On Turning Eighty

I turned eighty the day before yesterday. My older daughter Jennifer, who brought the helium balloons to the restaurant where we celebrated, had heard that I recently started yoga classes. So she sent me a birthday card that asked whether I do yoga to “burn off the crazy.” Now that I think of it, I do if you understand by “crazy” the effects of living in a country of people more mutually disrespectful than I ever expected and by “burning off” the search for occasional peace of mind in the midst of all that craziness.

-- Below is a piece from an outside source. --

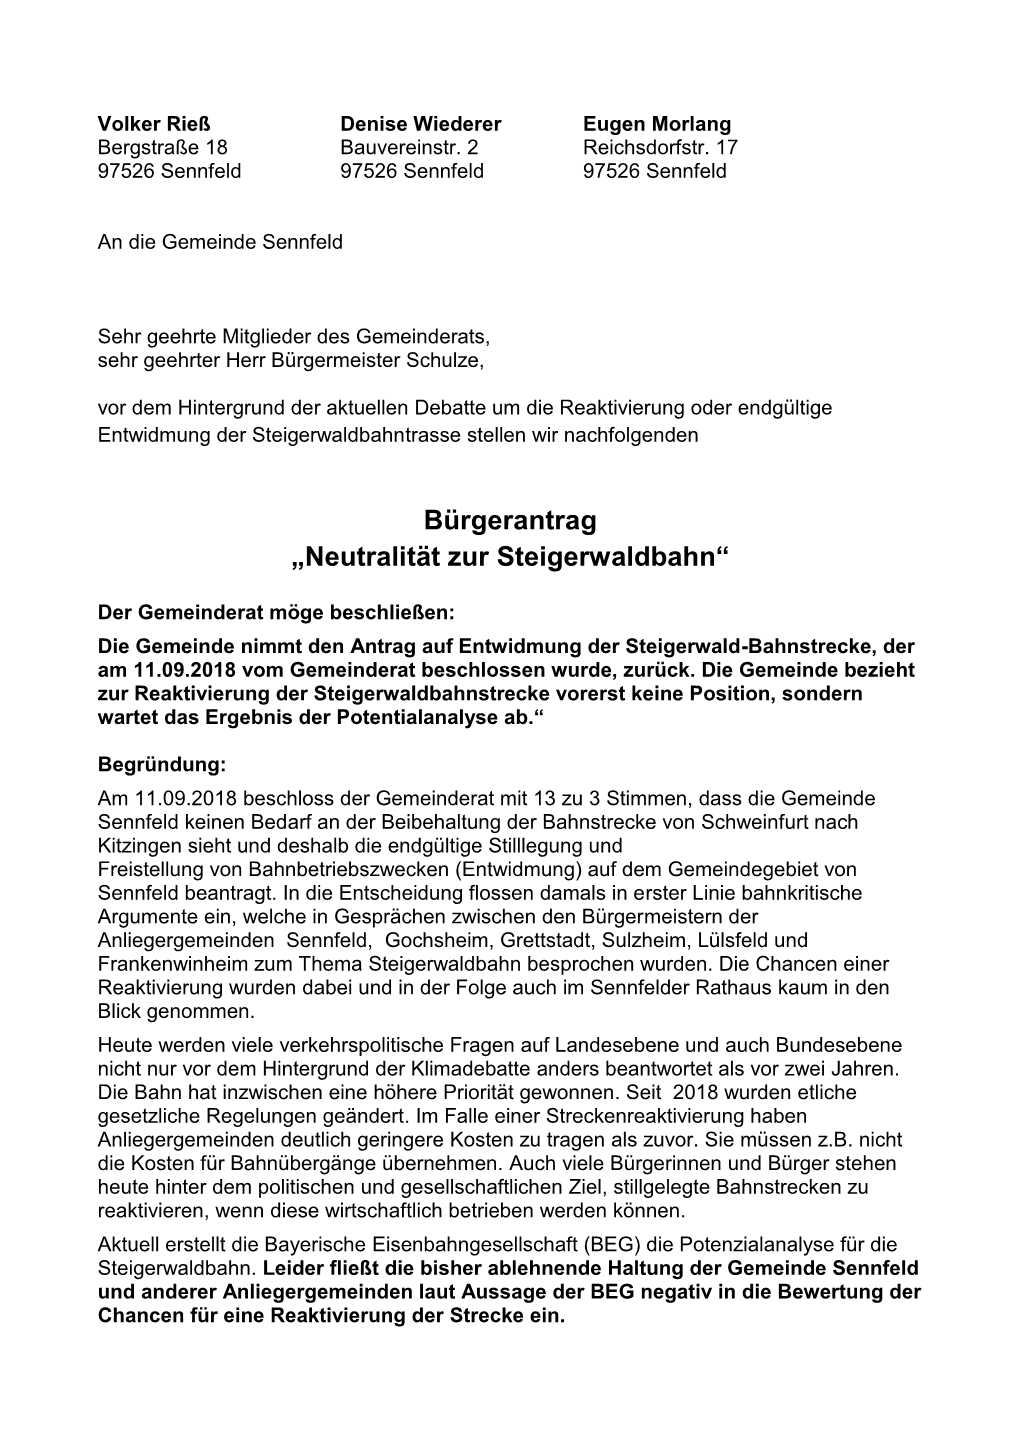 Bürgerantrag „Neutralität Zur Steigerwaldbahn“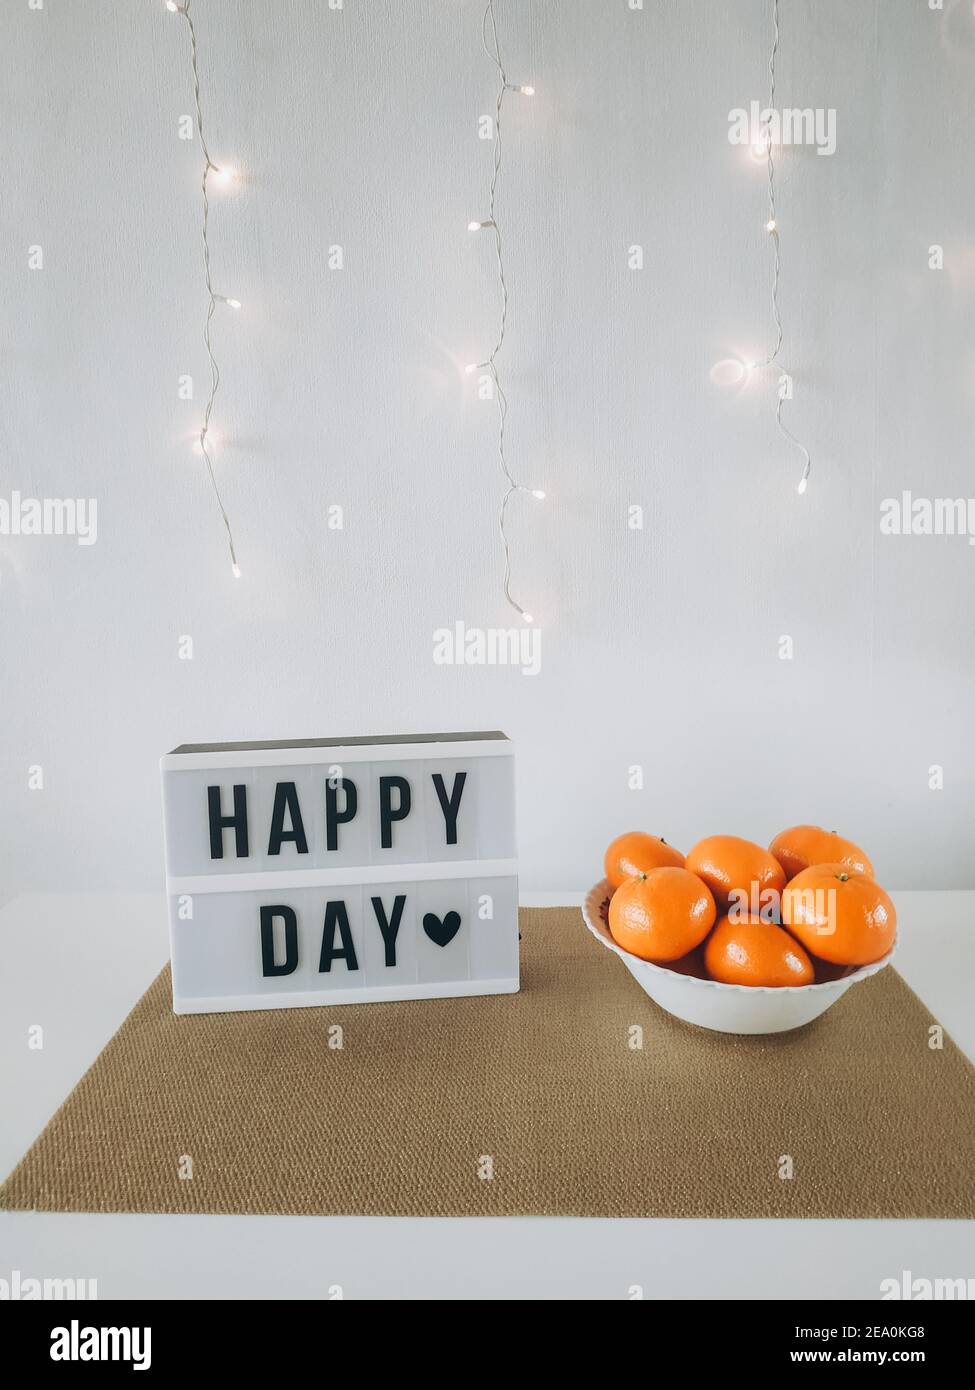 HAPPY DAY Wort auf Leuchtkasten mit Mandarinen an der Wand mit Licht Hintergrund. Gemütliches Haus compozition. Stockfoto

My younger daughter Margie picked the restaurant where we celebrated my 80th, which was back in the neighborhood where she and her sister were raised. Margie, like Jennifer a little girl then, said she remembered me setting off from our house to catch the bus for work carrying a briefcase with student papers crammed into them. That was in the nineteen seventies, way before the arrival of backpacks and laptop bags, and the briefcase she remembers was the one my father, who was a heating salesman, had carried to show brochures to his customers. I took that briefcase to work until it was almost in shreds when my wife Mary finally insisted on buying me a new one. My most recent briefcase–the one I used until I retired from teaching–was the laptop carrier you see below. That added up to three work bags in almost fifty years of teaching college English. My favorite one, though, was that first one.